Dataset extract:
· · · · ·

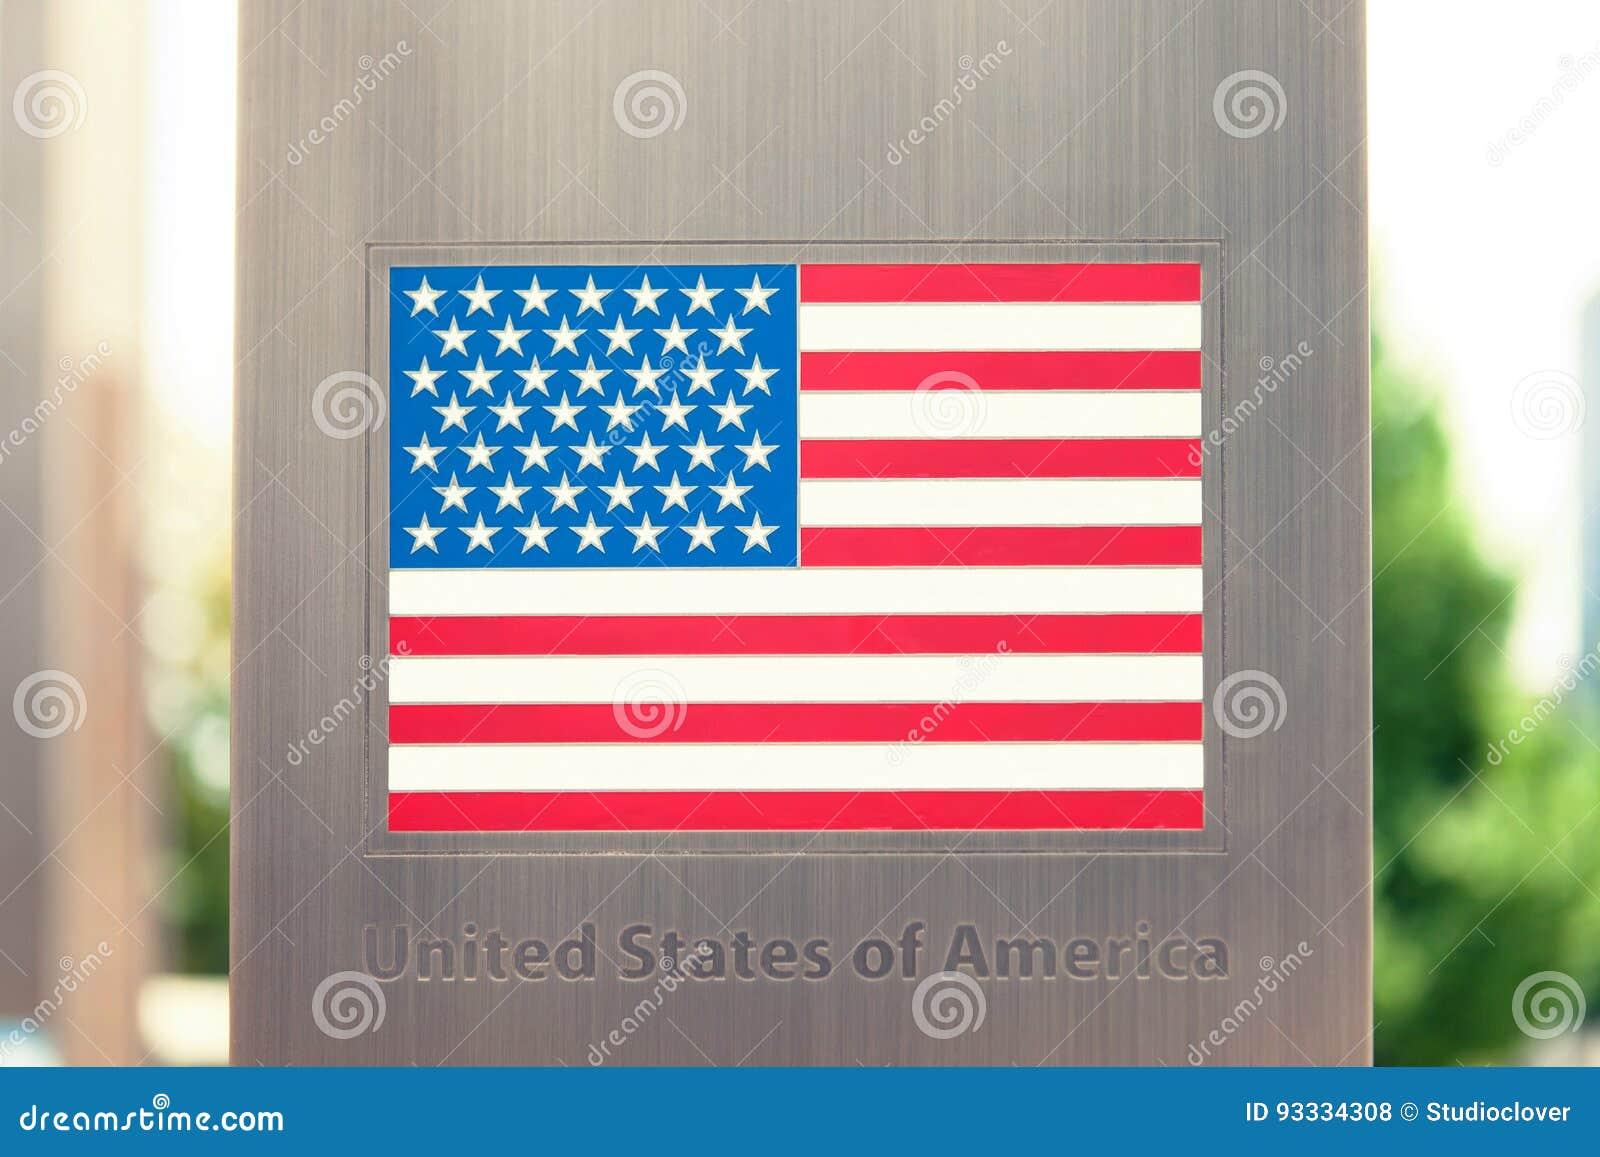 Serie flaga państowowa na słupie - Stany Zjednoczone Ameryka Filtrujący wizerunek: krzyż przetwarzający rocznika skutek
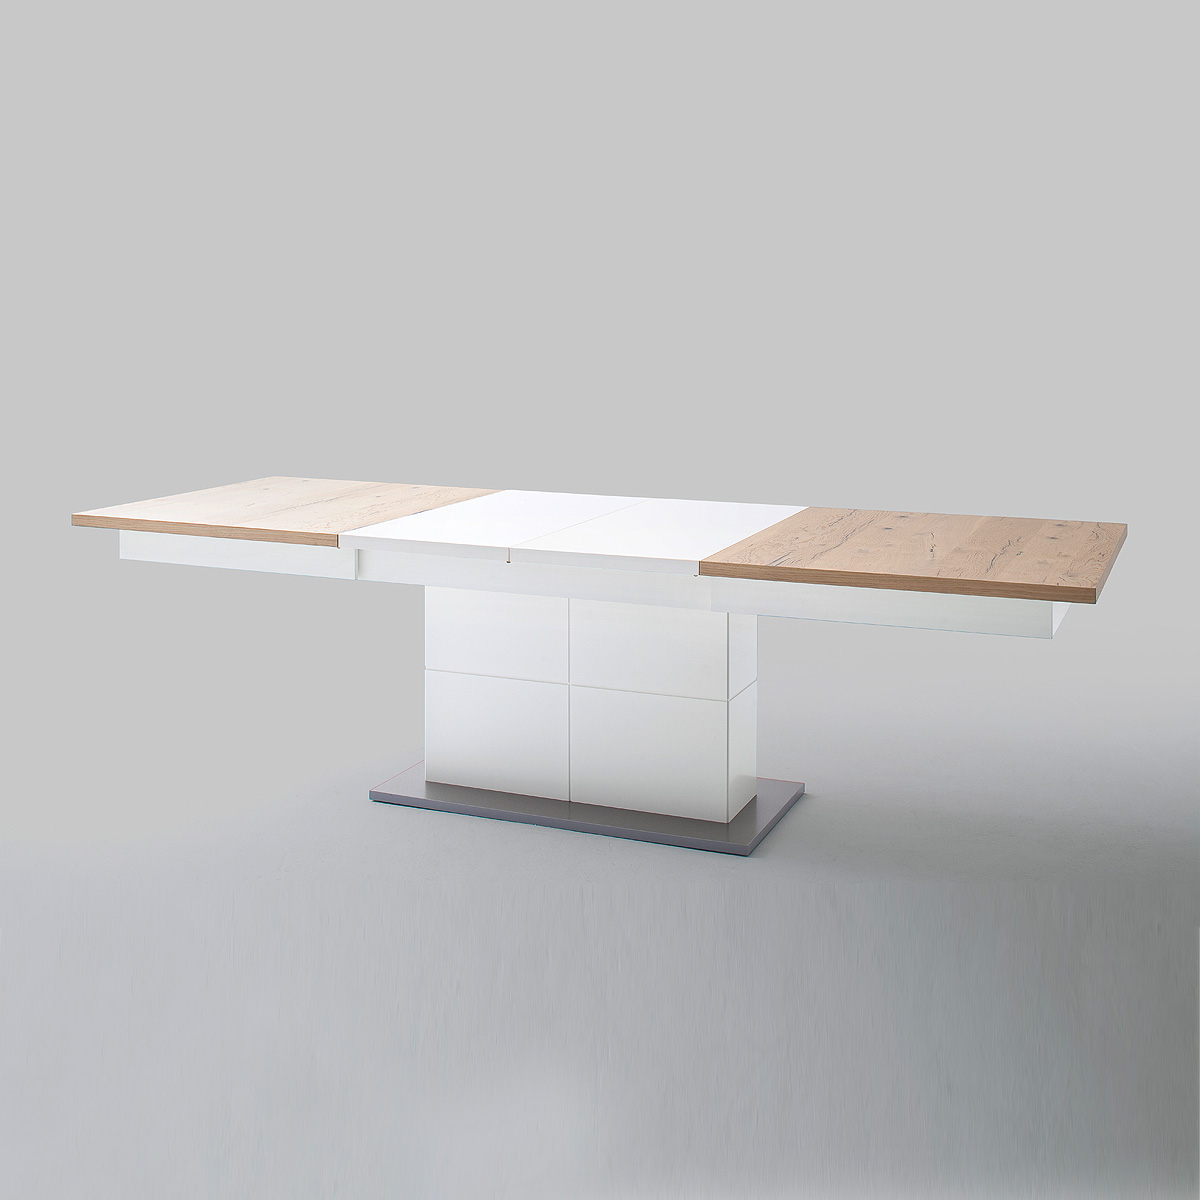 esstisch nizza tisch wei matt lack und crackeiche. Black Bedroom Furniture Sets. Home Design Ideas
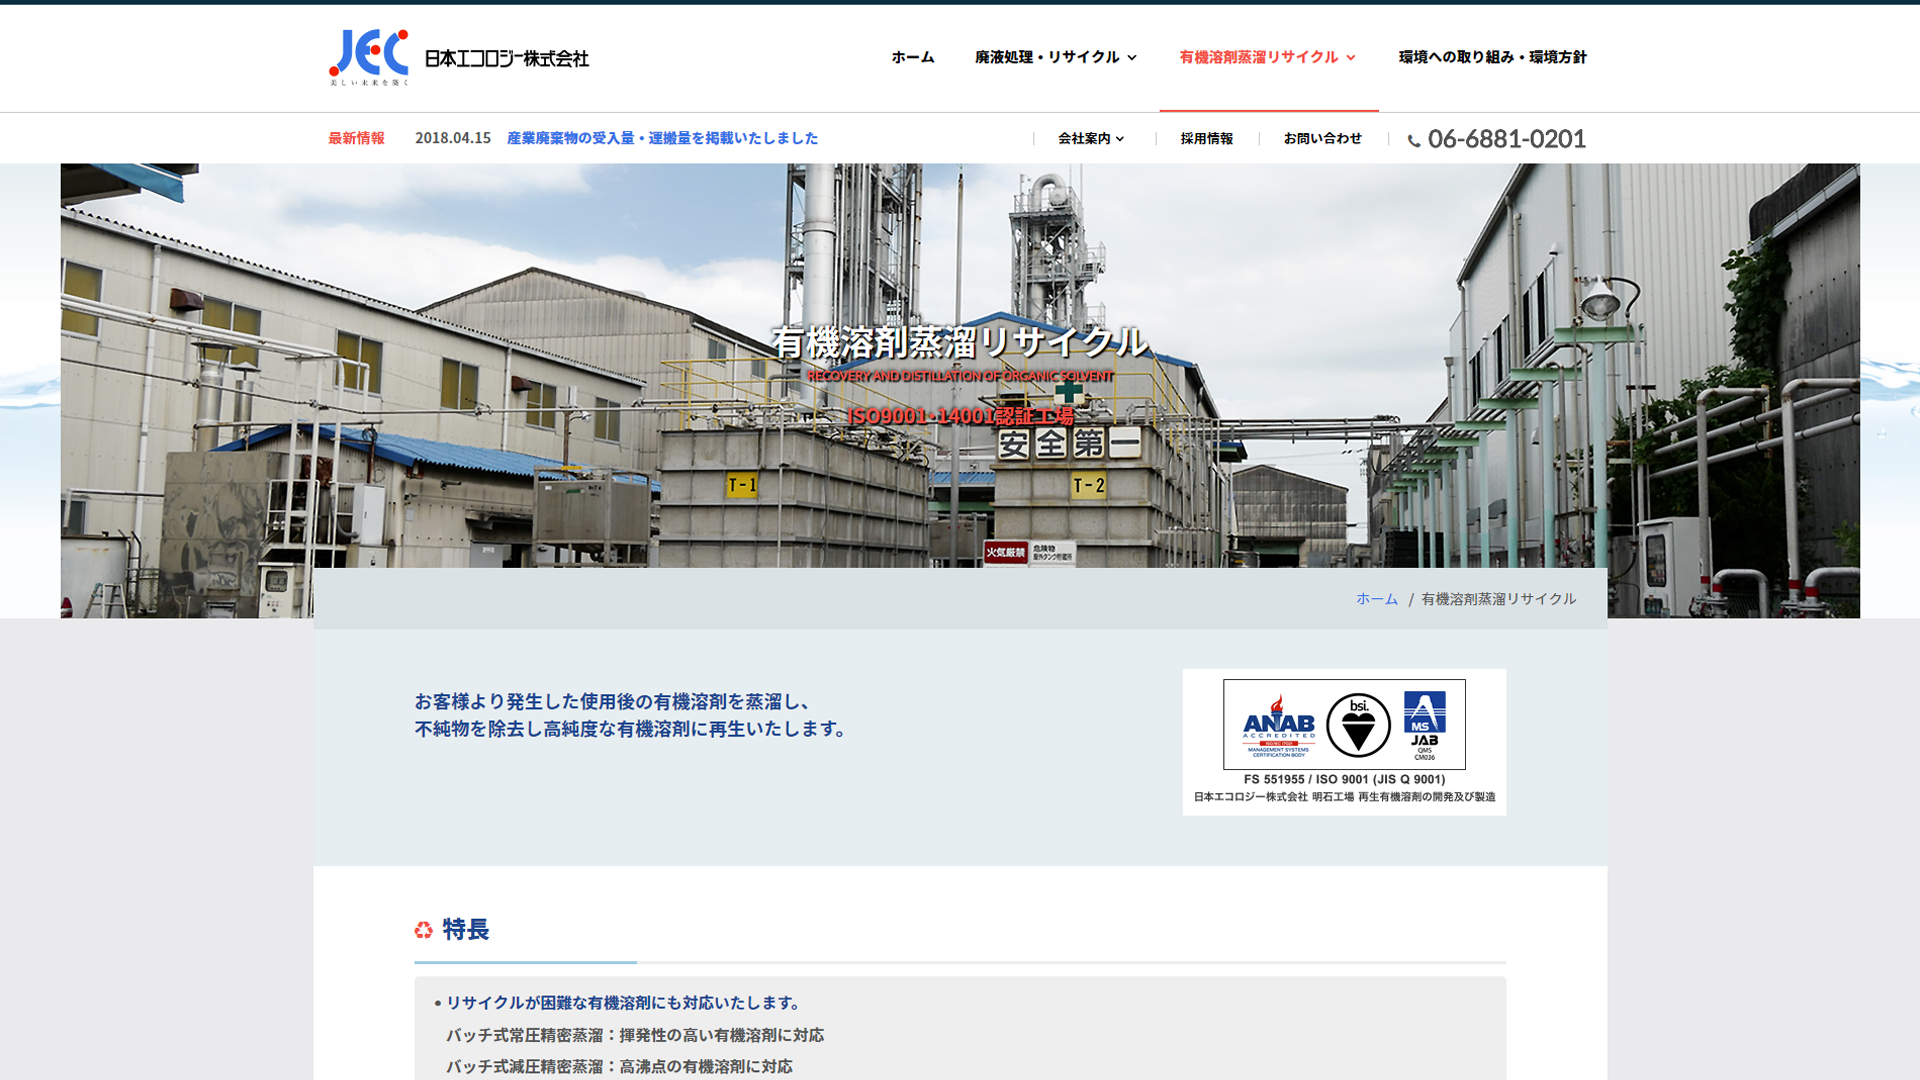 日本エコロジー株式会社 様
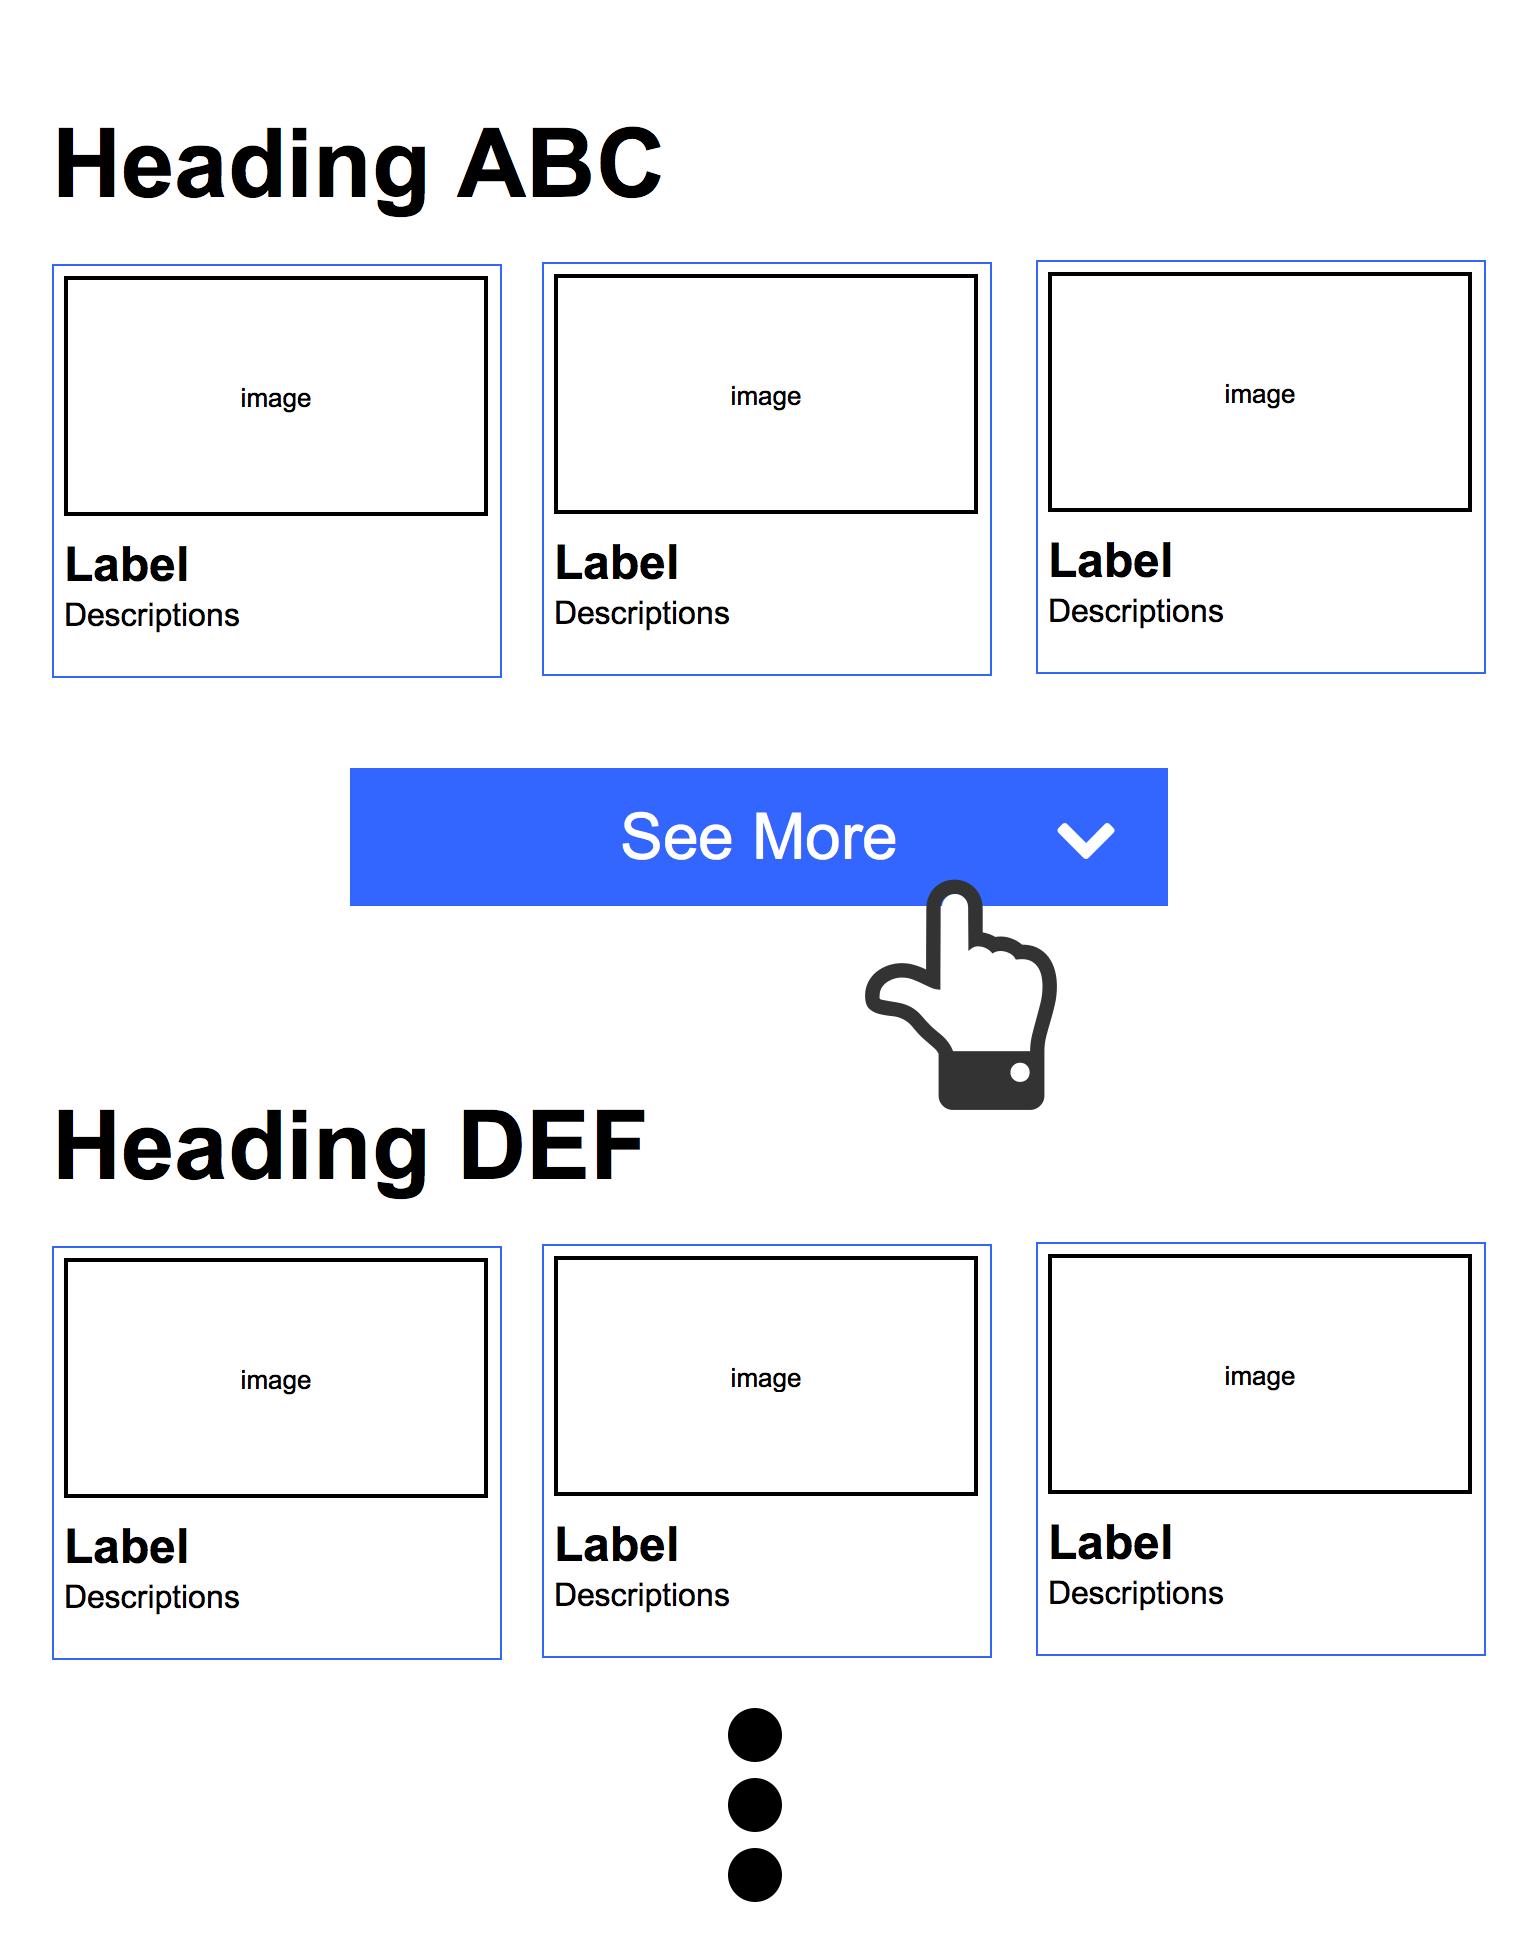 「もっと見る」ボタンによるインレイ表示の例 (ボタン押下前)

· · · · ·

Task requirements: Only what runs from the line with "esstisch nizza tisch" through the last line of the listing above belongs in the answer, set down exactly and free of pictures.

Solution:
 esstisch nizza tisch wei matt lack und crackeiche. Black Bedroom Furniture Sets. Home Design Ideas
 日本エコロジー株式会社 様
 「もっと見る」ボタンによるインレイ表示の例 (ボタン押下前)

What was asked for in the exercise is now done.